В первую неделю пребывания в школе она наивно, как теперь понимала, попросила, чтобы, когда пройдут курс, ее, если это возможно, использовали в районе Гродно.

— Это зачем же? — резко спросил комиссар школы. Он знал из анкеты и автобиографии все обстоятельства Машиной жизни, но считал в такую минуту ненужным и даже вредным щадить ее чувства. — Зачем? — повторил он. — Чтобы свою семью самолично спасать? Это и без вас постараются сделать, а вы своим появлением можете только погубить их, да и сами… Ничего себе идея! — сердито усмехнулся он. — Жене политрука, прожившей с мужем полтора года в Гродно, теперь возвращаться туда на подпольную работу! Вы что, из семейных соображений, что ли, к нам в школу пошли? Тогда напрасно.

— Нет, конечно, — сказала Маша, отчасти солгав, потому что нелепая надежда, что она, перебравшись через фронт, сможет если не найти мать и дочь, то хоть что-то узнать о них, тоже сыграла какую-то роль в ее решении пойти именно сюда, в эту школу.

С тех пор прошло три месяца, и в конце концов она при всем трагизме этой мысли все-таки привыкла к тому, что мама и Таня «там» и что, если они живы, она узнает о них очень не скоро; но зато мысль, что она улетит в тыл к немцам, так ничего и не узнав о муже, оставалась по-прежнему непереносимой.

В самом деле, трудно было представить себе, что тогда, в июне, на вокзале, он пожал через решетку ее руки, намотал ремень полевой сумки, вскочил на ходу в вагон… Потом, заслонив его, вскочил еще кто-то… И на этом все, абсолютно все оборвалось…

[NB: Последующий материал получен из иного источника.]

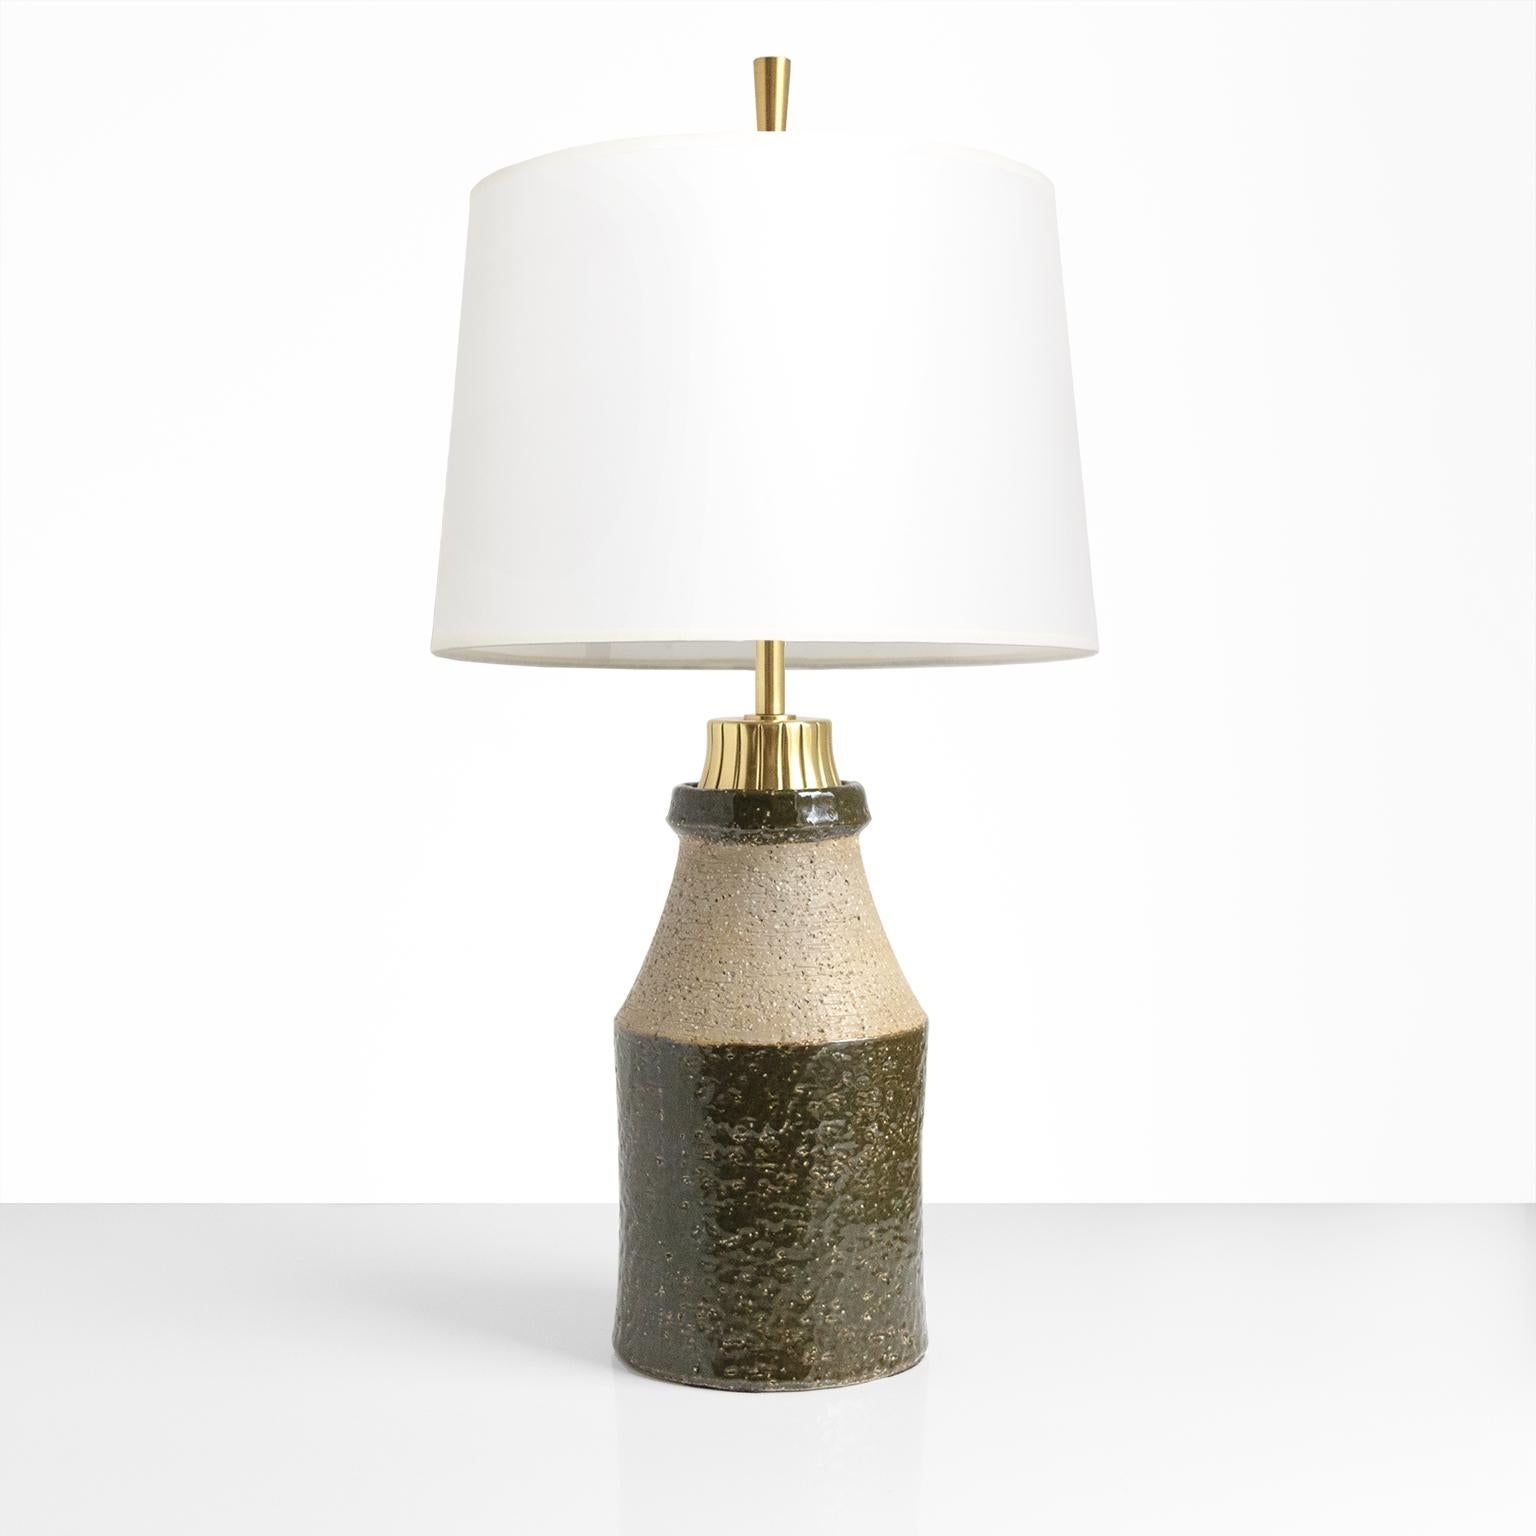 Hertha Bengston hand thrown, Scandinavian Modern ceramic lamp with brass hardware and stem with double cluster sockets.  Made at Rorstrand Studio, Sweden, signed and dated on bottom. Newley electrified for use in USA. 

Total height 24.5” Base

Она три раза писала запросы, на которые не получила никакого ответа, и два раза благодаря своему упорству пробивалась в политуправление: один раз — сразу после зачисления в школу, еще в июле, другой раз — уже недавно, в сентябре, специально для этого получив увольнительную на двенадцать часов.

В первый раз, в июле, ей сказали, что у них временно нет сведений о дислокации армейской газеты «Боевое знамя», в которой служит ее муж. И этот ответ не только встревожил, но одновременно и успокоил ее: они ничего не знали не только о Синцове, но и о всей редакции, а вся редакция не могла же исчезнуть! Не знают, но будут знать! Она оставила номер почтового ящика школы и просила батальонного комиссара, который принимал ее, чтобы он написал ей хоть два слова, как только будут первые известия о редакции. Батальонный комиссар обещал, но за два месяца ничего не прислал.

Кроме батальонного комиссара она оставила свой адрес жившему в их доме товарищу покойного отца — Зосиме Ивановичу Попкову. Старик Попков взял у нее ключ от почтового ящика и обещал через день наведываться к ним в подъезд и, если придет какое письмо, сразу отослать ей. Но за все это время ей не пришло ни одного письма.

Когда в сентябре она во второй раз пришла в политуправление, уже к другому батальонному комиссару, — тот, первый, ушел на фронт, — новый батальонный комиссар сказал: «Да-да, редакция «Боевого знамени» благополучно вышла из окружения и ныне действует в положенном ей месте, и редактор в ней прежний, тот же, что был до войны, Гуреев. Но, к сожалению, в ответ на запрос оттуда поступил официальный ответ, что секретарь редакции политрук Синцов из отпуска к месту службы не прибыл».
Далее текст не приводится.